Glaucophane is a mineral and a mineral group belonging to the sodic amphibole supergroup of the double chain inosilicates, with the chemical formula Na_{2}(Mg_{3}Al_{2})Si_{8}O_{22}(OH)_{2}.

Glaucophane crystallizes in the monoclinic system.

==Name==
Glaucophane is named for its typical blue color. In Greek, glaucophane means "blue appearing". As the major mineral component, it is glaucophane's color that gives the "blueschist" metamorphic rock type its name.

==Characteristics==
The blue color is very diagnostic for this species. Glaucophane, along with the closely related mineral riebeckite, to which it forms a series with, and their intermediate crossite, are the only well known amphiboles that are commonly blue. Glaucophane forms a solid solution series with ferroglaucophane (Na2(Fe,Mg)3Al2Si8O22(OH)2). Glaucophane is the magnesium-rich endmember and ferroglaucophane is the iron-rich endmember.

Ferroglaucophane is similar to glaucophane but is slightly denser and hence increased specific gravity.
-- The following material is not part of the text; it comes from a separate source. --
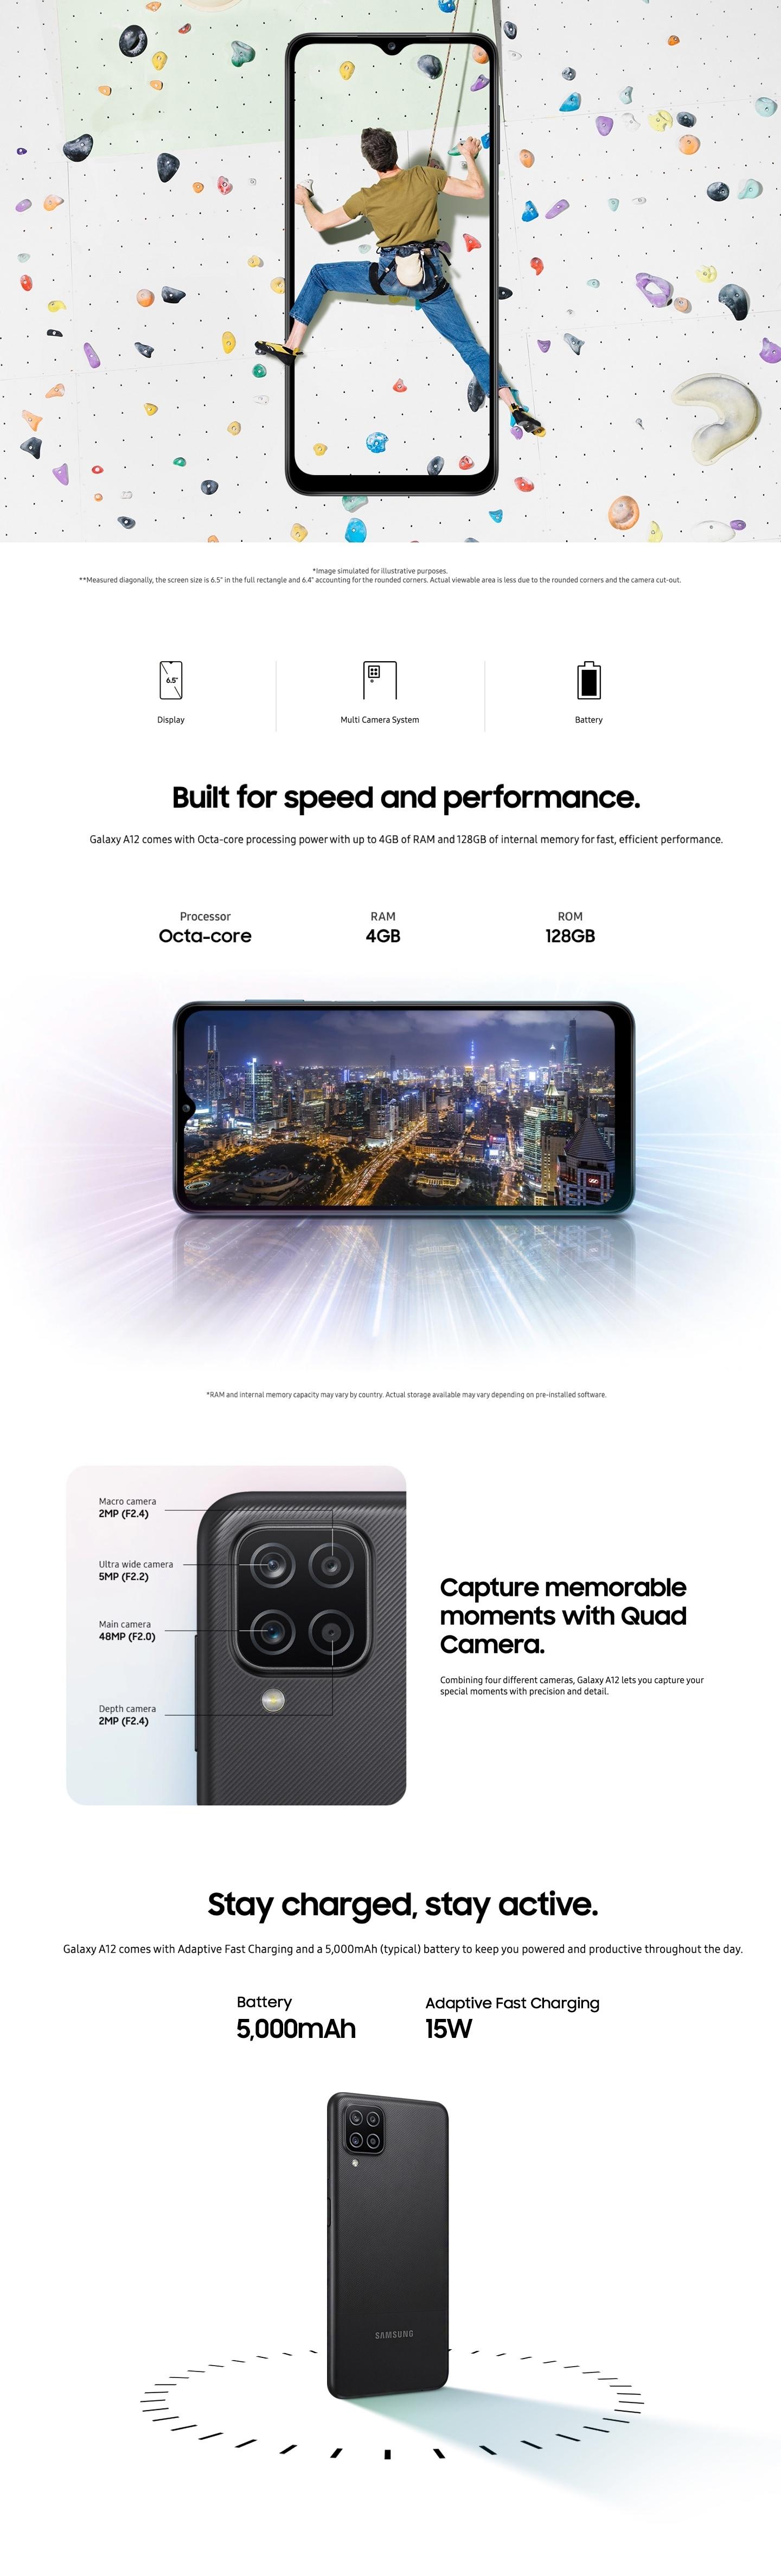 Samsung Galaxy A12 4G
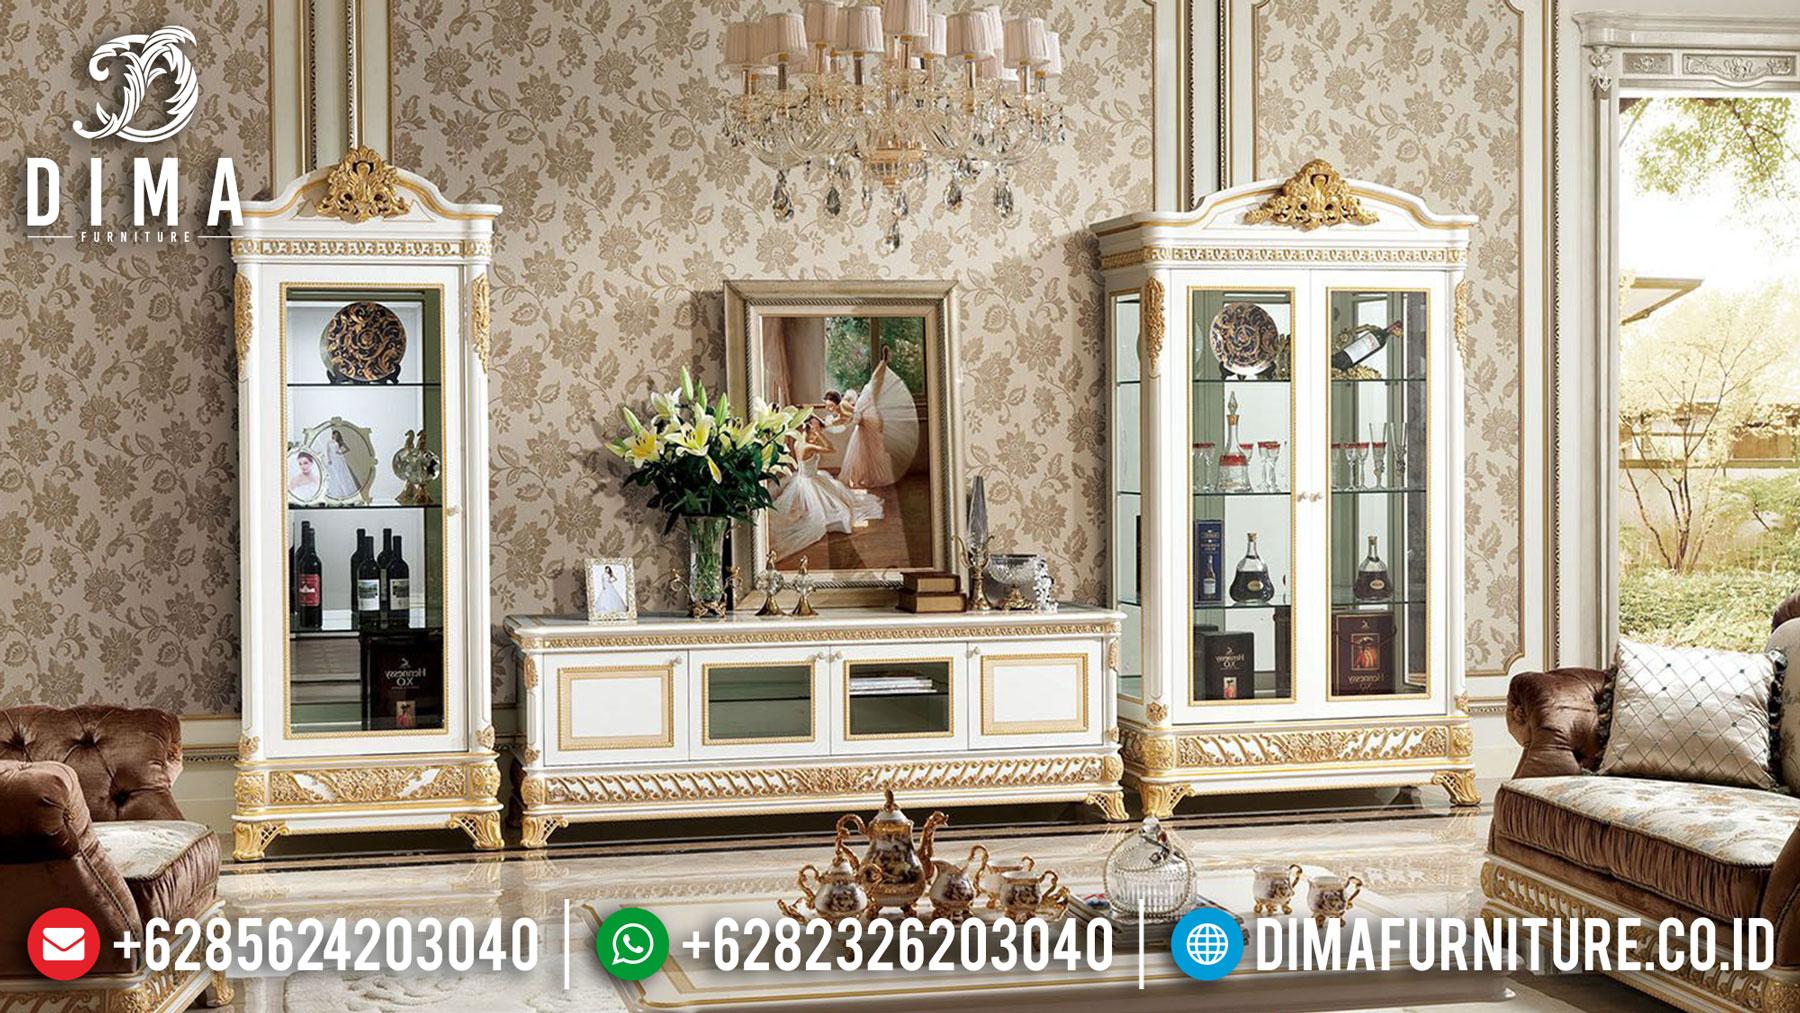 Glorious Desain Bufet TV Mewah Ukir Jepara Elegant Interior Living Room TTJ-1673

The two endmembers are indistinguishable in hand specimens and are strongly pleochroic. Glaucophane's hardness is 5–6 and its specific gravity is approximately 3–3.2.

==Occurrence==
The blueschist metamorphic facies gets its name from abundant blue minerals glaucophane and lawsonite. Glaucophane generally forms in blueschist metamorphic rocks of gabbroic or basaltic composition that are rich in sodium and have experienced low temperature-high pressure metamorphism such as would occur along a subduction zone.

This material has undergone intense pressure and moderate heat as it was subducted downward toward the mantle. Glaucophane is also found in eclogites that have undergone retrograde metamorphism.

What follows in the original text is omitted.